Hell is always in the details. Our packets are full of brightly colored bar graphs breaking down the bad old news that test scores and other more comprehensive measures of academic progress reveal that way too many black students — 70, 80 percent — are not making the grade. They’ve never made it. Many of us who are solid members of the black middle class raised on the idea of education being the great equalizer — next to money — stare at the figures like we might stare at a palm reading that reveals something outlandish but incontestably true. No one says anything because there’s little to say. The midday sun pours in through the exit doors, which are starting to look very tempting; everyone feels summer ebbing, and the dire verdict growing, by the minute.

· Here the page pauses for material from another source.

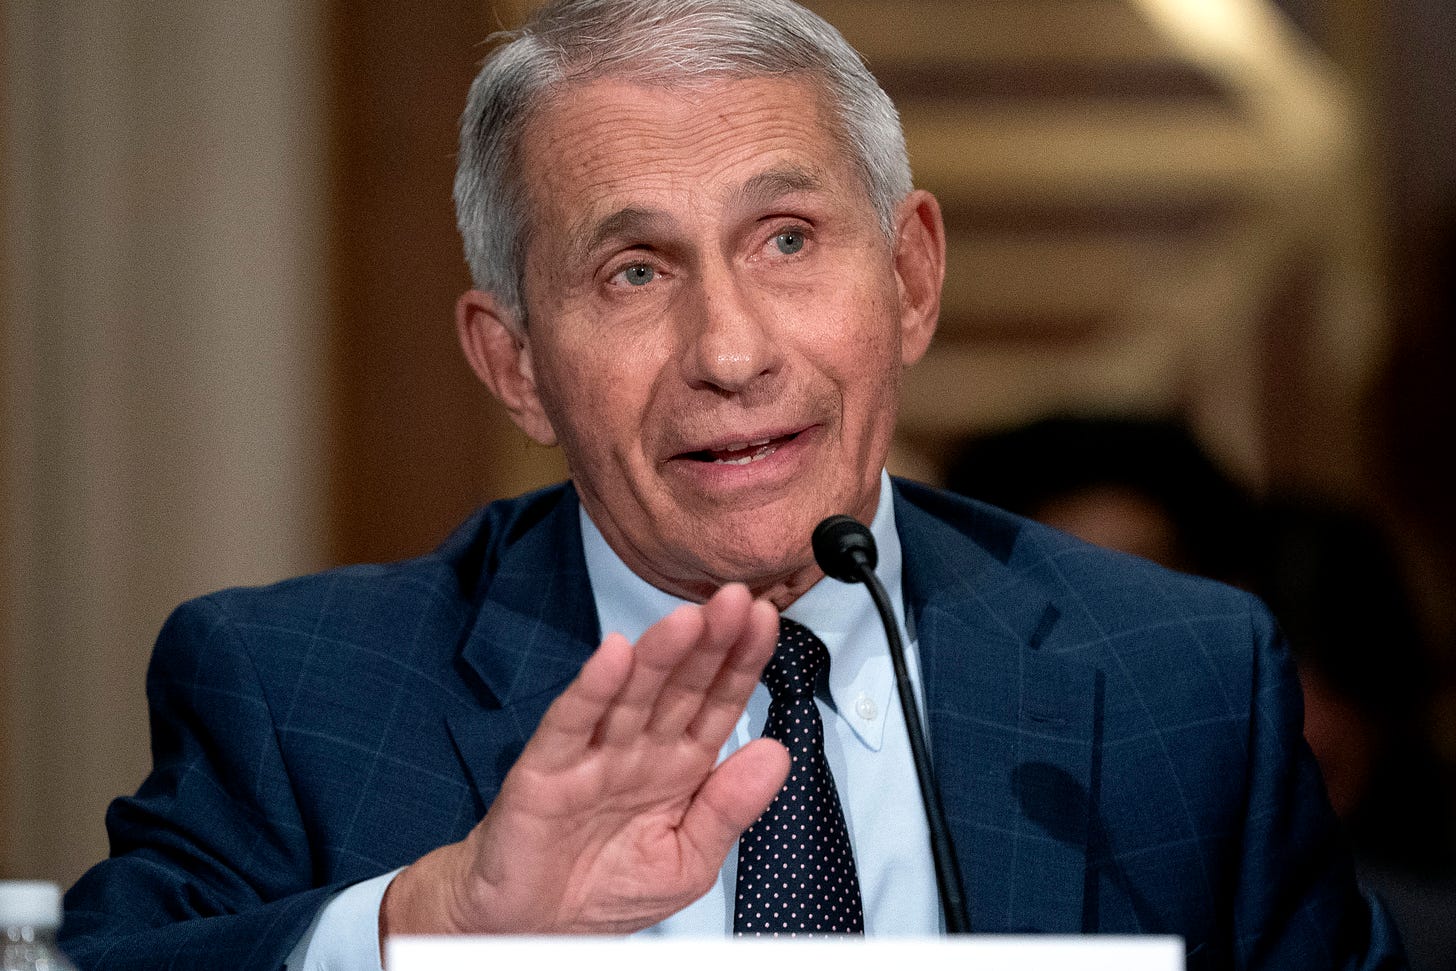 Dr. Fauci on why CDC changed guidelines: Delta is a 'different virus'

Then Marguerite LaMotte, the newly elected board member who represents Dorsey and adopted the initiative as a premier cause, starts speaking. Her voice quavers out of habit or fatigue, her hair doesn’t move, and in a blue pantsuit she cuts as bureaucratic a figure as anyone else in the LAUSD crowd. But as LaMotte explains the particulars of the graphs with an ex-principal’s rote composure, she is angry and rueful, and she connects with those of us who feel the same way but who have been too focused on shoring up positive energy, or too willing to ignore the feelings altogether, to vent them. This is our chance. The room rumbles with agreement and a fresh, improbable energy as LaMotte snaps into the mike that we all must stop being complacent, that we must stop setting the bar so low for black students that a five-point gain in test scores from one year to the next is cause for celebratory press conferences. “We have got to stop saying that black students are achieving when they’re not,” LaMotte says hotly, to rousing cheers. “When I was young, I was expected to achieve. Until we sit down now with LAUSD and be honest with ourselves, ain’t nothing gonna change.” The good news is that we know how to fight, she says, and that she knows from experience that kids, whatever their test scores, are never a lost cause. “Once you know where a child is,” LaMotte says, “you can take him or her as far as they can go.”


I leave feeling like I’ve snatched inspiration from its own ashes, like I got the best deal in town today; clearance shopping will be a bonus, if I do it at all. I search for my father to share the glow, then remember he had to leave mid-meeting to collect my mother and drive out to Las Vegas. It is their last small trip of the summer; for my father, it is but a break in the action. I resolve to brief the old-timer when he gets back.